=== TASK TO CARRY OUT ===
Each entry needs to be given again, character for character.
::: INFORMATION SHOWN :::
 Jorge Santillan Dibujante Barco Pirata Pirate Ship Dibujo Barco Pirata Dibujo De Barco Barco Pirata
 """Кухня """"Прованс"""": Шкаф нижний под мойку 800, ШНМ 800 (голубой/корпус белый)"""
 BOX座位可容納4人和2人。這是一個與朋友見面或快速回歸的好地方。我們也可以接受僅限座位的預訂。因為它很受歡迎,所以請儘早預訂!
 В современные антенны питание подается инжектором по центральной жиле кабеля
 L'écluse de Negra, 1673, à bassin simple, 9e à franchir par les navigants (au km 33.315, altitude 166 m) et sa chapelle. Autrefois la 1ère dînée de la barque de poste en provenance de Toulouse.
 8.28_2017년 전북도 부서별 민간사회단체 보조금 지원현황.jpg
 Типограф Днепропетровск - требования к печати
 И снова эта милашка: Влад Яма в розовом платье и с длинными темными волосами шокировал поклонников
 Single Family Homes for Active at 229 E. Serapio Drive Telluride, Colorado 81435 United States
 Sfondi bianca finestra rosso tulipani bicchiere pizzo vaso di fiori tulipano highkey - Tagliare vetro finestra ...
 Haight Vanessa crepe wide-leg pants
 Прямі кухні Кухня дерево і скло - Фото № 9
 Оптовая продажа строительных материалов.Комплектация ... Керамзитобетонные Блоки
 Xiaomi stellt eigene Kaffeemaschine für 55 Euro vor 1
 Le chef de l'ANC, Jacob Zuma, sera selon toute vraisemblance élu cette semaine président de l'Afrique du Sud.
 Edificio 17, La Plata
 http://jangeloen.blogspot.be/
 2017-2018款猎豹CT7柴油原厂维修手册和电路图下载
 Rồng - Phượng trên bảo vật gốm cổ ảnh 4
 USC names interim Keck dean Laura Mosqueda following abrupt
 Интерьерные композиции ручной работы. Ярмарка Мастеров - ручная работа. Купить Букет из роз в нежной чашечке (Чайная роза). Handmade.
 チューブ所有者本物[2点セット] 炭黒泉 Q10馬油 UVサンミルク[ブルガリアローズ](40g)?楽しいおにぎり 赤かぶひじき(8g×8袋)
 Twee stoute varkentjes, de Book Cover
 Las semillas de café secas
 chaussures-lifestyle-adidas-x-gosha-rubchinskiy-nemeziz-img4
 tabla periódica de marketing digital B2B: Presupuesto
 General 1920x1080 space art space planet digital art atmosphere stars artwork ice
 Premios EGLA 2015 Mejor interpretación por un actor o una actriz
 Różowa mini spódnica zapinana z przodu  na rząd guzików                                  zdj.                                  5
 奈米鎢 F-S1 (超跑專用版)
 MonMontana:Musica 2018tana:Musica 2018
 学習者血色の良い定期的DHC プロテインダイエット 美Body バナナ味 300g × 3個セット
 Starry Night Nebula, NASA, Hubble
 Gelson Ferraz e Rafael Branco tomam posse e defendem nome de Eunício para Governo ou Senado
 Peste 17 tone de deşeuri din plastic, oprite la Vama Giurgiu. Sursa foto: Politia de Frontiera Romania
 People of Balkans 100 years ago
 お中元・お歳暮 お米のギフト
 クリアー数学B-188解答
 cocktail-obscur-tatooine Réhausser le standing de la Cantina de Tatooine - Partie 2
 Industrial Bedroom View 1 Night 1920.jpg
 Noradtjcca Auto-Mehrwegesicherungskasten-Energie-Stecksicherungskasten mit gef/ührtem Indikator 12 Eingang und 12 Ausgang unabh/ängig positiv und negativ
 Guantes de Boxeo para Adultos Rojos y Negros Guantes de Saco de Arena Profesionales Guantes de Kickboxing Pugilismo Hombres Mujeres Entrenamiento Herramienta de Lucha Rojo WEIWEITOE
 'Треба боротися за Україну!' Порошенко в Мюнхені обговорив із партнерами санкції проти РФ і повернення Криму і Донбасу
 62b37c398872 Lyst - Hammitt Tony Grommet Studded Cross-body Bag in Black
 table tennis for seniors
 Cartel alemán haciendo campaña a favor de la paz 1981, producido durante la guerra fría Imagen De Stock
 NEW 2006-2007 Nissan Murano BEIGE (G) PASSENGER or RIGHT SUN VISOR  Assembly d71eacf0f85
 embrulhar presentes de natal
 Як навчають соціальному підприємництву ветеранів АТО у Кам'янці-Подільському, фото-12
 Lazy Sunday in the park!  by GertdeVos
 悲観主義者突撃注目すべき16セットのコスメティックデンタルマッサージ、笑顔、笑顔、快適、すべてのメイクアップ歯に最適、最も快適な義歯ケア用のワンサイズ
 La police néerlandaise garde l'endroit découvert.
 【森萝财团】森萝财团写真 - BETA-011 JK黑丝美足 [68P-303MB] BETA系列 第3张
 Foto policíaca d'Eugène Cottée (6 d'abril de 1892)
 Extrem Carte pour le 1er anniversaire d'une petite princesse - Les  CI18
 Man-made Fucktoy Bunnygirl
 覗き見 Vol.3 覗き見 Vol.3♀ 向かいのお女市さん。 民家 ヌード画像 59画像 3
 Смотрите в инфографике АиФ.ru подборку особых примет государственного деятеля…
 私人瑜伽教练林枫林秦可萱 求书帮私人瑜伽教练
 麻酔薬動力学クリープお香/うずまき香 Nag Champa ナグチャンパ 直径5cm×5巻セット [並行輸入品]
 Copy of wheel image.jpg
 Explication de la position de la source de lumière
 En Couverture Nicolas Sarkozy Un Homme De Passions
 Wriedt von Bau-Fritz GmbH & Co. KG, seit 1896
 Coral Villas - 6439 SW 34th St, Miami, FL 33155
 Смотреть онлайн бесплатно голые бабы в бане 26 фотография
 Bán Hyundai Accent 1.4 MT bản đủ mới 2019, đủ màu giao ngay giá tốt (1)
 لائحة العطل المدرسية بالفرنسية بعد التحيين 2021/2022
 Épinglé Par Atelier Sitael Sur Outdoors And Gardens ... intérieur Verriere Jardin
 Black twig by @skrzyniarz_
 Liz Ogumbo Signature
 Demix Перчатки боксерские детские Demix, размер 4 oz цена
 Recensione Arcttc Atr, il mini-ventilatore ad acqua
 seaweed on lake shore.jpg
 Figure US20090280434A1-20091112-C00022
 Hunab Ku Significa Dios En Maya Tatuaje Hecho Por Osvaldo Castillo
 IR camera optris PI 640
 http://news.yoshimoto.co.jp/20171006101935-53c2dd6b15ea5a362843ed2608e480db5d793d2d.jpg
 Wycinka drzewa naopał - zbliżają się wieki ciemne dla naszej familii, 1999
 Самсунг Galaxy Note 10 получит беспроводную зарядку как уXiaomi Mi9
:::
=== FINISHED TASK ===
 Jorge Santillan Dibujante Barco Pirata Pirate Ship Dibujo Barco Pirata Dibujo De Barco Barco Pirata
 """Кухня """"Прованс"""": Шкаф нижний под мойку 800, ШНМ 800 (голубой/корпус белый)"""
 BOX座位可容納4人和2人。這是一個與朋友見面或快速回歸的好地方。我們也可以接受僅限座位的預訂。因為它很受歡迎,所以請儘早預訂!
 В современные антенны питание подается инжектором по центральной жиле кабеля
 L'écluse de Negra, 1673, à bassin simple, 9e à franchir par les navigants (au km 33.315, altitude 166 m) et sa chapelle. Autrefois la 1ère dînée de la barque de poste en provenance de Toulouse.
 8.28_2017년 전북도 부서별 민간사회단체 보조금 지원현황.jpg
 Типограф Днепропетровск - требования к печати
 И снова эта милашка: Влад Яма в розовом платье и с длинными темными волосами шокировал поклонников
 Single Family Homes for Active at 229 E. Serapio Drive Telluride, Colorado 81435 United States
 Sfondi bianca finestra rosso tulipani bicchiere pizzo vaso di fiori tulipano highkey - Tagliare vetro finestra ...
 Haight Vanessa crepe wide-leg pants
 Прямі кухні Кухня дерево і скло - Фото № 9
 Оптовая продажа строительных материалов.Комплектация ... Керамзитобетонные Блоки
 Xiaomi stellt eigene Kaffeemaschine für 55 Euro vor 1
 Le chef de l'ANC, Jacob Zuma, sera selon toute vraisemblance élu cette semaine président de l'Afrique du Sud.
 Edificio 17, La Plata
 http://jangeloen.blogspot.be/
 2017-2018款猎豹CT7柴油原厂维修手册和电路图下载
 Rồng - Phượng trên bảo vật gốm cổ ảnh 4
 USC names interim Keck dean Laura Mosqueda following abrupt
 Интерьерные композиции ручной работы. Ярмарка Мастеров - ручная работа. Купить Букет из роз в нежной чашечке (Чайная роза). Handmade.
 チューブ所有者本物[2点セット] 炭黒泉 Q10馬油 UVサンミルク[ブルガリアローズ](40g)?楽しいおにぎり 赤かぶひじき(8g×8袋)
 Twee stoute varkentjes, de Book Cover
 Las semillas de café secas
 chaussures-lifestyle-adidas-x-gosha-rubchinskiy-nemeziz-img4
 tabla periódica de marketing digital B2B: Presupuesto
 General 1920x1080 space art space planet digital art atmosphere stars artwork ice
 Premios EGLA 2015 Mejor interpretación por un actor o una actriz
 Różowa mini spódnica zapinana z przodu  na rząd guzików                                  zdj.                                  5
 奈米鎢 F-S1 (超跑專用版)
 MonMontana:Musica 2018tana:Musica 2018
 学習者血色の良い定期的DHC プロテインダイエット 美Body バナナ味 300g × 3個セット
 Starry Night Nebula, NASA, Hubble
 Gelson Ferraz e Rafael Branco tomam posse e defendem nome de Eunício para Governo ou Senado
 Peste 17 tone de deşeuri din plastic, oprite la Vama Giurgiu. Sursa foto: Politia de Frontiera Romania
 People of Balkans 100 years ago
 お中元・お歳暮 お米のギフト
 クリアー数学B-188解答
 cocktail-obscur-tatooine Réhausser le standing de la Cantina de Tatooine - Partie 2
 Industrial Bedroom View 1 Night 1920.jpg
 Noradtjcca Auto-Mehrwegesicherungskasten-Energie-Stecksicherungskasten mit gef/ührtem Indikator 12 Eingang und 12 Ausgang unabh/ängig positiv und negativ
 Guantes de Boxeo para Adultos Rojos y Negros Guantes de Saco de Arena Profesionales Guantes de Kickboxing Pugilismo Hombres Mujeres Entrenamiento Herramienta de Lucha Rojo WEIWEITOE
 'Треба боротися за Україну!' Порошенко в Мюнхені обговорив із партнерами санкції проти РФ і повернення Криму і Донбасу
 62b37c398872 Lyst - Hammitt Tony Grommet Studded Cross-body Bag in Black
 table tennis for seniors
 Cartel alemán haciendo campaña a favor de la paz 1981, producido durante la guerra fría Imagen De Stock
 NEW 2006-2007 Nissan Murano BEIGE (G) PASSENGER or RIGHT SUN VISOR  Assembly d71eacf0f85
 embrulhar presentes de natal
 Як навчають соціальному підприємництву ветеранів АТО у Кам'янці-Подільському, фото-12
 Lazy Sunday in the park!  by GertdeVos
 悲観主義者突撃注目すべき16セットのコスメティックデンタルマッサージ、笑顔、笑顔、快適、すべてのメイクアップ歯に最適、最も快適な義歯ケア用のワンサイズ
 La police néerlandaise garde l'endroit découvert.
 【森萝财团】森萝财团写真 - BETA-011 JK黑丝美足 [68P-303MB] BETA系列 第3张
 Foto policíaca d'Eugène Cottée (6 d'abril de 1892)
 Extrem Carte pour le 1er anniversaire d'une petite princesse - Les  CI18
 Man-made Fucktoy Bunnygirl
 覗き見 Vol.3 覗き見 Vol.3♀ 向かいのお女市さん。 民家 ヌード画像 59画像 3
 Смотрите в инфографике АиФ.ru подборку особых примет государственного деятеля…
 私人瑜伽教练林枫林秦可萱 求书帮私人瑜伽教练
 麻酔薬動力学クリープお香/うずまき香 Nag Champa ナグチャンパ 直径5cm×5巻セット [並行輸入品]
 Copy of wheel image.jpg
 Explication de la position de la source de lumière
 En Couverture Nicolas Sarkozy Un Homme De Passions
 Wriedt von Bau-Fritz GmbH & Co. KG, seit 1896
 Coral Villas - 6439 SW 34th St, Miami, FL 33155
 Смотреть онлайн бесплатно голые бабы в бане 26 фотография
 Bán Hyundai Accent 1.4 MT bản đủ mới 2019, đủ màu giao ngay giá tốt (1)
 لائحة العطل المدرسية بالفرنسية بعد التحيين 2021/2022
 Épinglé Par Atelier Sitael Sur Outdoors And Gardens ... intérieur Verriere Jardin
 Black twig by @skrzyniarz_
 Liz Ogumbo Signature
 Demix Перчатки боксерские детские Demix, размер 4 oz цена
 Recensione Arcttc Atr, il mini-ventilatore ad acqua
 seaweed on lake shore.jpg
 Figure US20090280434A1-20091112-C00022
 Hunab Ku Significa Dios En Maya Tatuaje Hecho Por Osvaldo Castillo
 IR camera optris PI 640
 http://news.yoshimoto.co.jp/20171006101935-53c2dd6b15ea5a362843ed2608e480db5d793d2d.jpg
 Wycinka drzewa naopał - zbliżają się wieki ciemne dla naszej familii, 1999
 Самсунг Galaxy Note 10 получит беспроводную зарядку как уXiaomi Mi9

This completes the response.